'Cack-handed' Brown criticised by press over EU signing

LONDON (AFP) — Prime Minister Gordon Brown's absence from the main EU treaty signing ceremony drew brickbats from both pro- and anti-European British media Friday, which described it as "embarrassing" and "cack-handed".

Brown arrived in Lisbon several hours after other European leaders formally sealed the treaty with a lavish showpiece event Thursday.

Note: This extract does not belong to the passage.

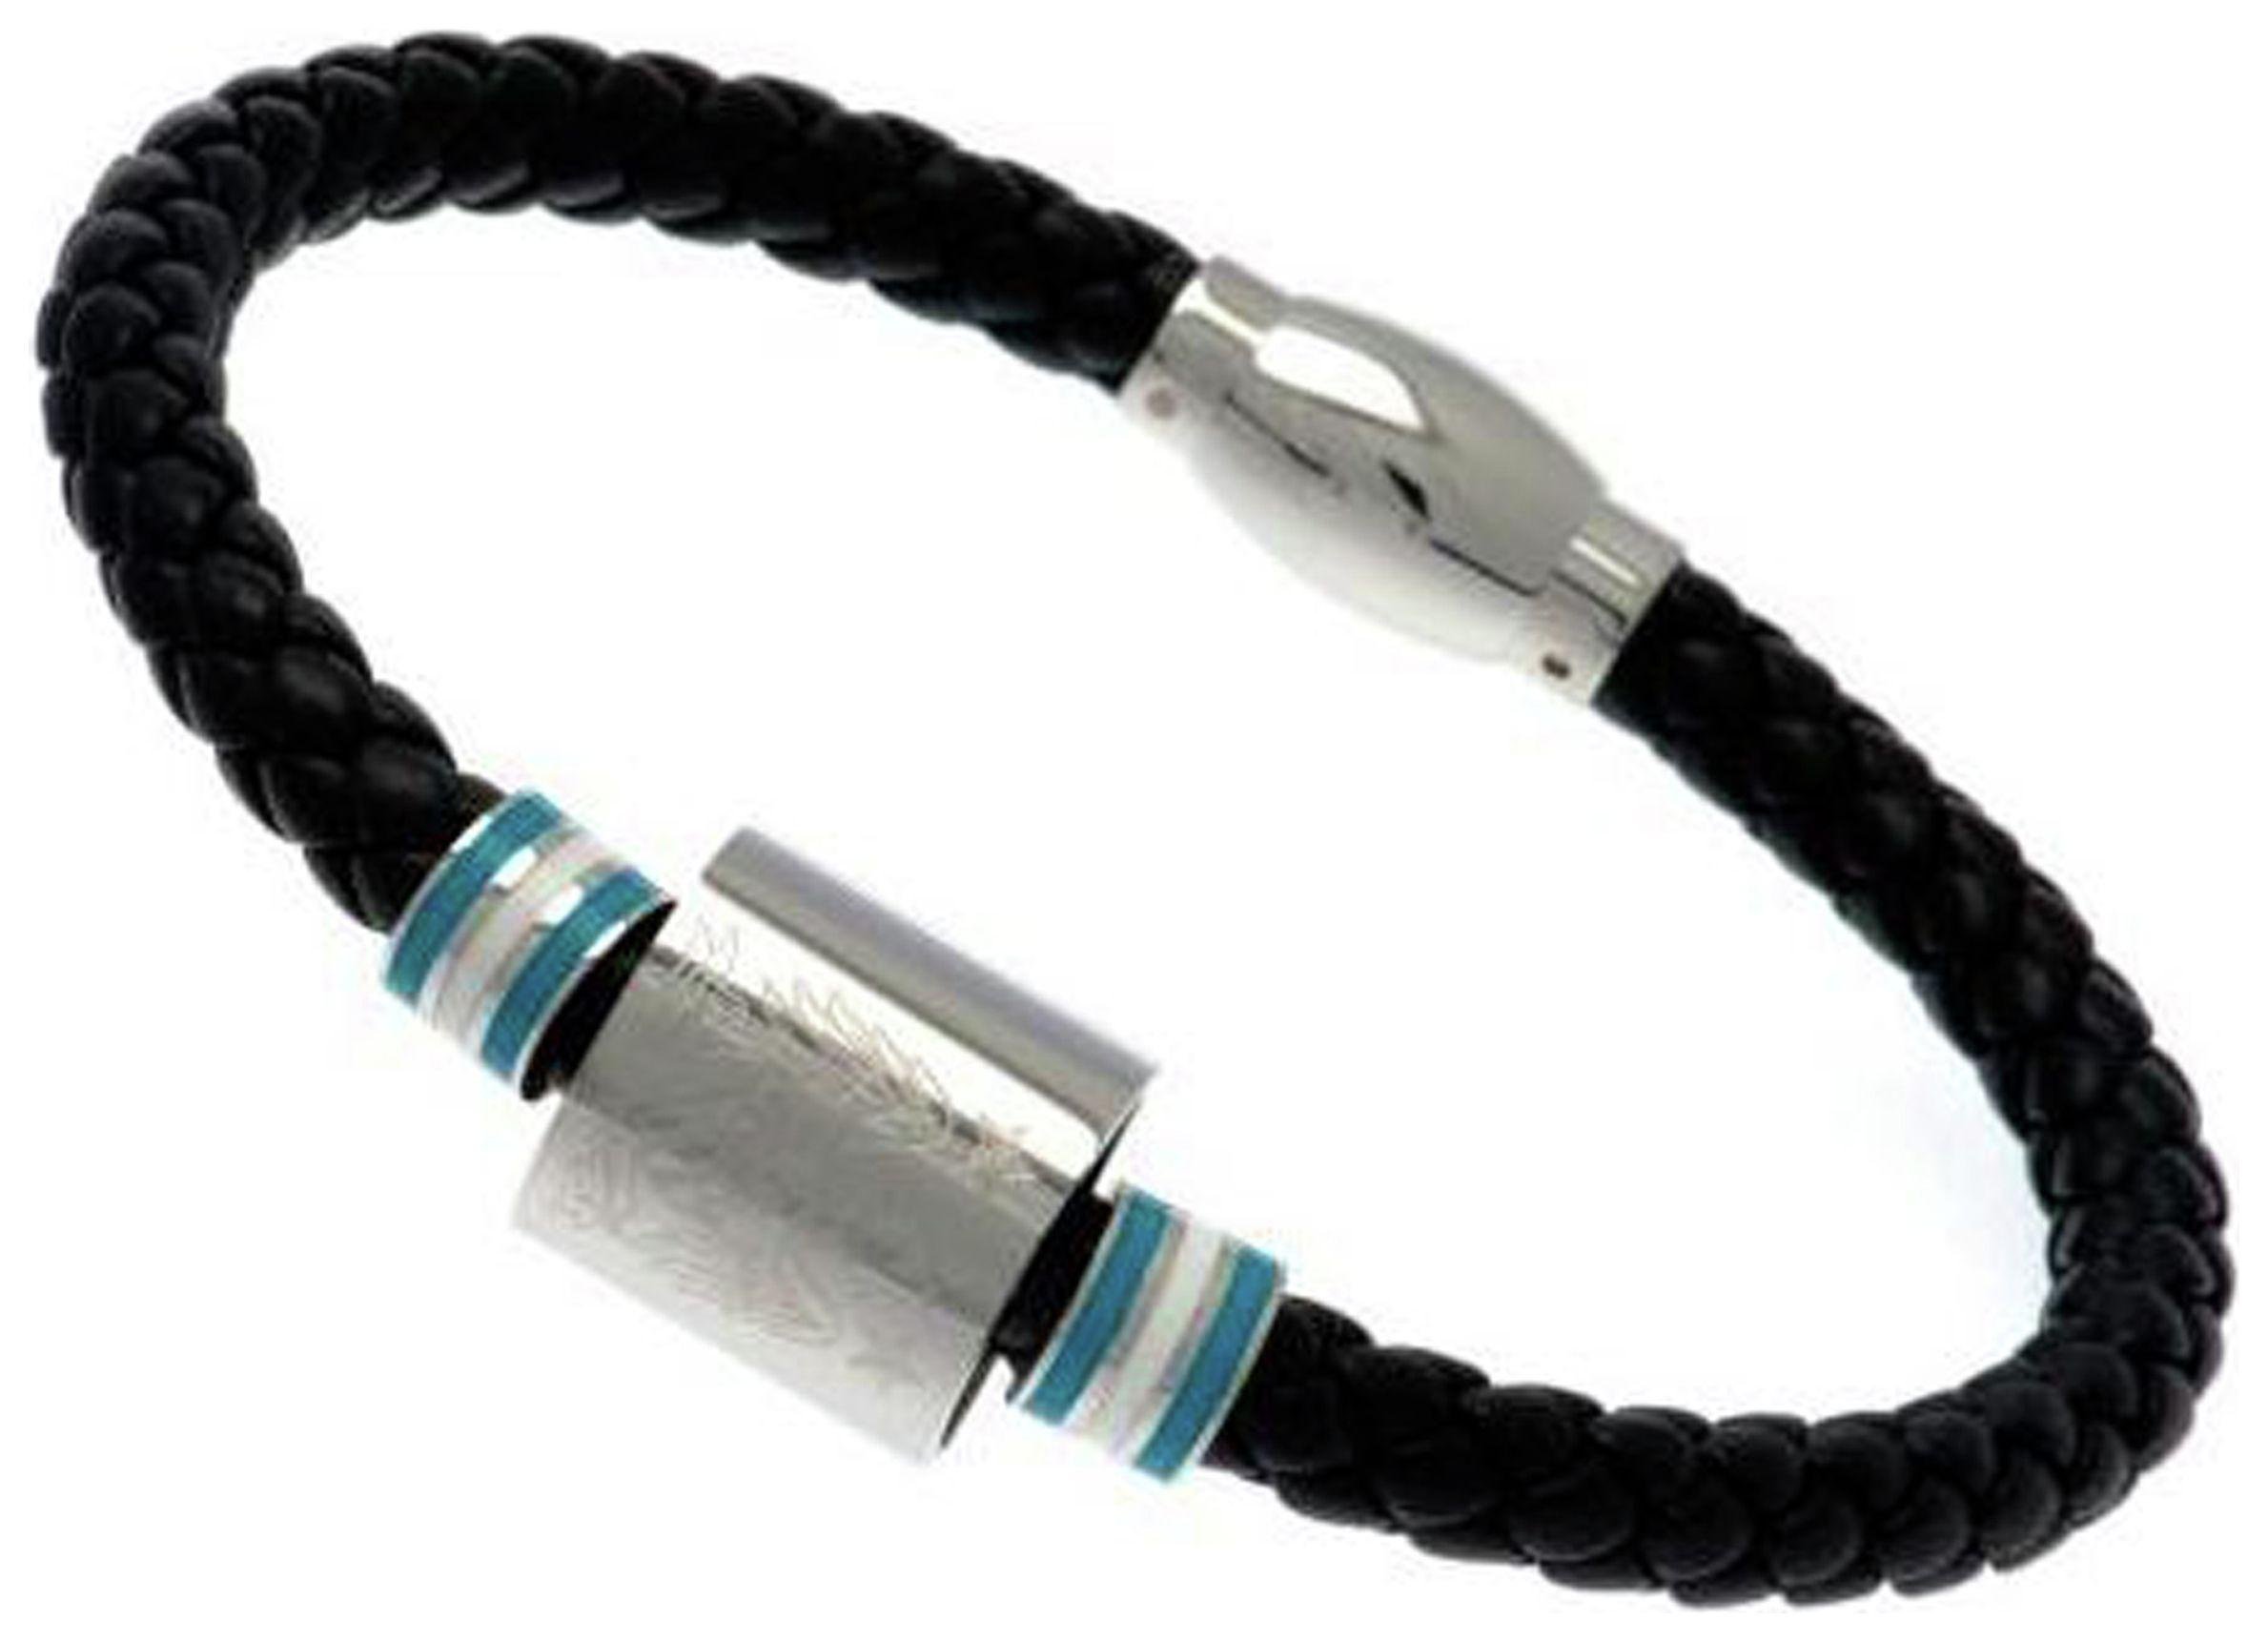 Stainless Steel and Leather Man City Bracelet

He signed separately in a much more low-key fashion before a swift departure.

On Friday Brown was in Brussels for an EU summit, his first visit there since taking over from Tony Blair in June.

The notoriously Eurosceptic British press laid into Brown's handling of the Lisbon signing ceremony -- the tabloid Daily Express even labelled Brown "Mr Bean", after the bumbling television comedy character.

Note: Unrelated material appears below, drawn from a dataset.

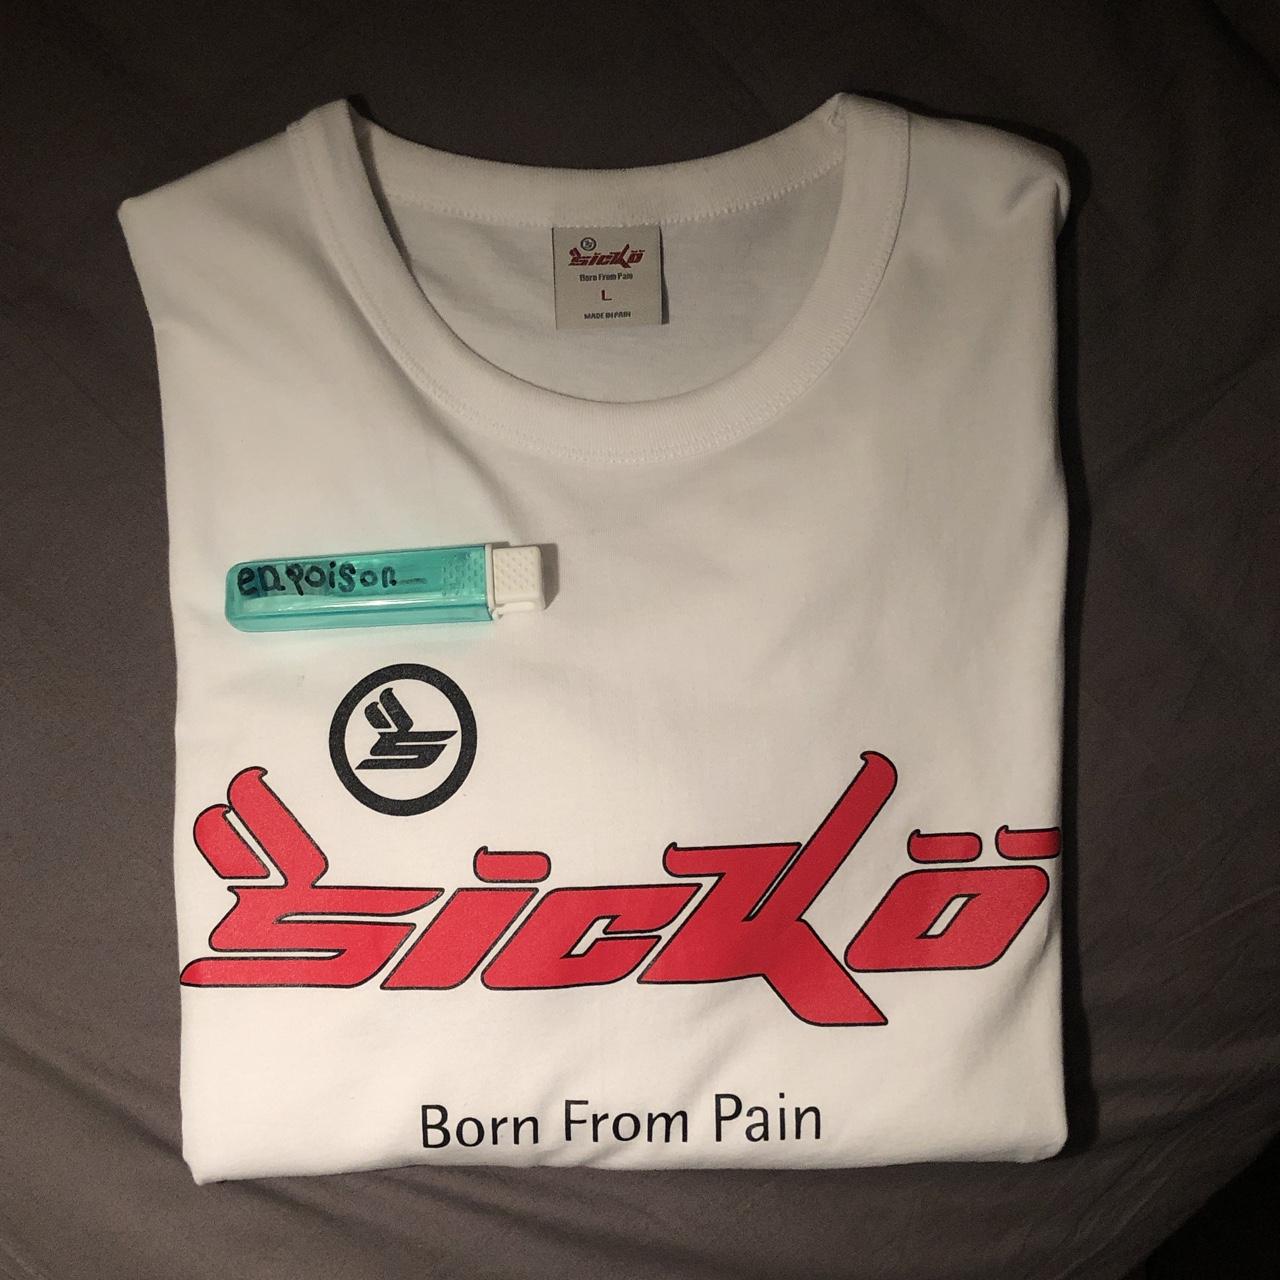 SICKÖ sicko ian connor t shirt tee, Size L , perfect

The Daily Telegraph broadsheet said in an editorial that other European Union leaders were left "incredulous" by his behaviour.

"Gordon Brown has delivered a master-class in how to secure the worst of all possible worlds," it said.

"His maladroit handling of yesterday's formal signing in Lisbon of the new EU reform treaty left him looking indecisive and weak and Britain marginalised."

The right-wing Daily Mail tabloid said that his handling of the ceremony highlighted Brown's dishonesty, citing his failure to give Britons a referendum on the measures despite an election pledge two years ago.

"The spectacle of Gordon Brown scuttling shiftily in and out of Lisbon to sign the European reform treaty was an apt conclusion to what has been a disgracefully dishonest saga," it said in an editorial.

The tabloid Sun, a fierce opponent of the treaty, splashed on the headline "We Shall Never Surrender" next to a picture of Brown signing the treaty.

"Gordon Brown did himself harm at home and abroad yesterday," its editorial said.

"He offended 26 other EU leaders by gracelessly turning up in Lisbon to sign the EU constitution just as everybody else was leaving.

"And he infuriated voters here by breaking his vow to give us a referendum."

The Times broadsheet, which like the Sun is owned by Rupert Murdoch's News Corporation, described Thursday's performance as "an extraordinary diplomatic episode that was part snub, part standard mess-up and entirely embarrassing."

Brown also got a rough ride from the pro-European press, though.

The left-leaning Guardian broadsheet's columnist Michael White wrote: "Gordon Brown's cack-handed handling of yesterday's EU reform treaty signing achieved a difficult double.

"It won him no brownie points among pro-Europeans, at home or beyond Calais.

"But hardline UK Eurosceptics also gave his efforts a raspberry."